In the PSD arena were seeing 99% of our candidates at around 12 months of age. Years ago they were about 2 to 2.5 years when we got them. Many of the dogs we see have a TON of hunt but lived the most sheltered lives.... kennel to training field and back....and. nothing more. These dogs tend to think everything they see is "Oooooooooo" lol. 

These high hunt "ooooooo" dogs tend to work through this issue during training but it seems to take a good while... so i throw environmental sociability into the mix. 
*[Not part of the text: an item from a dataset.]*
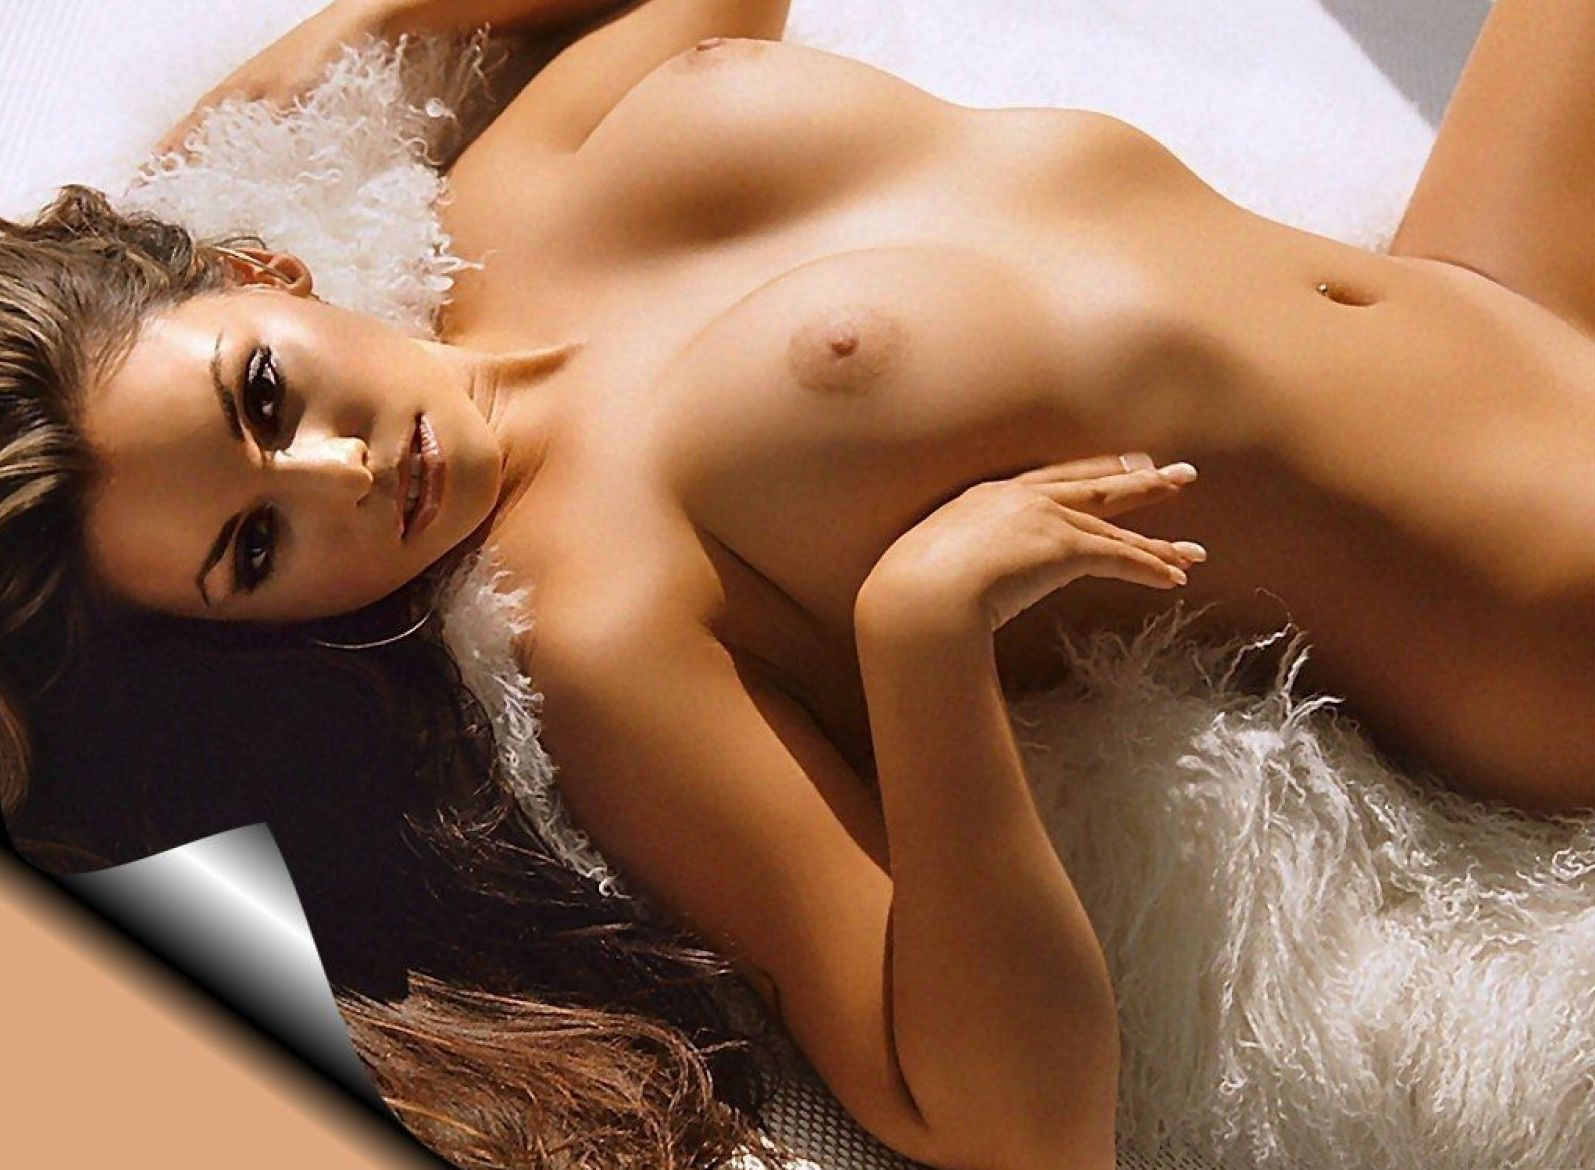 Смотреть фото голых девушек без регистрации бесплатно 7 фотография

My opinion is that you use that high hunt drive..... develop it... build on it to help overcome the "Ooooooo" so the the environmental sociability and maturity (age) can help chip away at the level of distraction. 

As for a wash out... I have not really seen one in the PSD side because we specifically test for hunt drive during selection testing. I have seen a ton of "Pet grade" SAR "Oooooooo" dogs that were 5 and 6 years old with terrible distraction issues..... but the common trait was lack of hunt drive.


----------



## Matthew Grubb (Nov 16, 2007)

P.s. thanks for the welcome back... I kind of got burnt out for a while with dog stuff.


----------



## Craig Snyder (May 7, 2012)

Kadi Thingvall said:


> I think some dogs also just hunt for the sheer enjoyment of hunting. Like some dogs will chase a ball all day long, but not actually pick it up or fetch it, they just like to chase. They don't want/need the "finish" part, the actual possession of the toy, just the chase. Or a dog who tracks for the sheer joy of tracking, finding the animal, person, or object at the end really isn't their goal. I've had dogs like this, they would run a long track, and when they got to the reward at the end they would barely pause but track my path all the way back to my vehicle. And if allowed to, then go run the track a second time, or even a third.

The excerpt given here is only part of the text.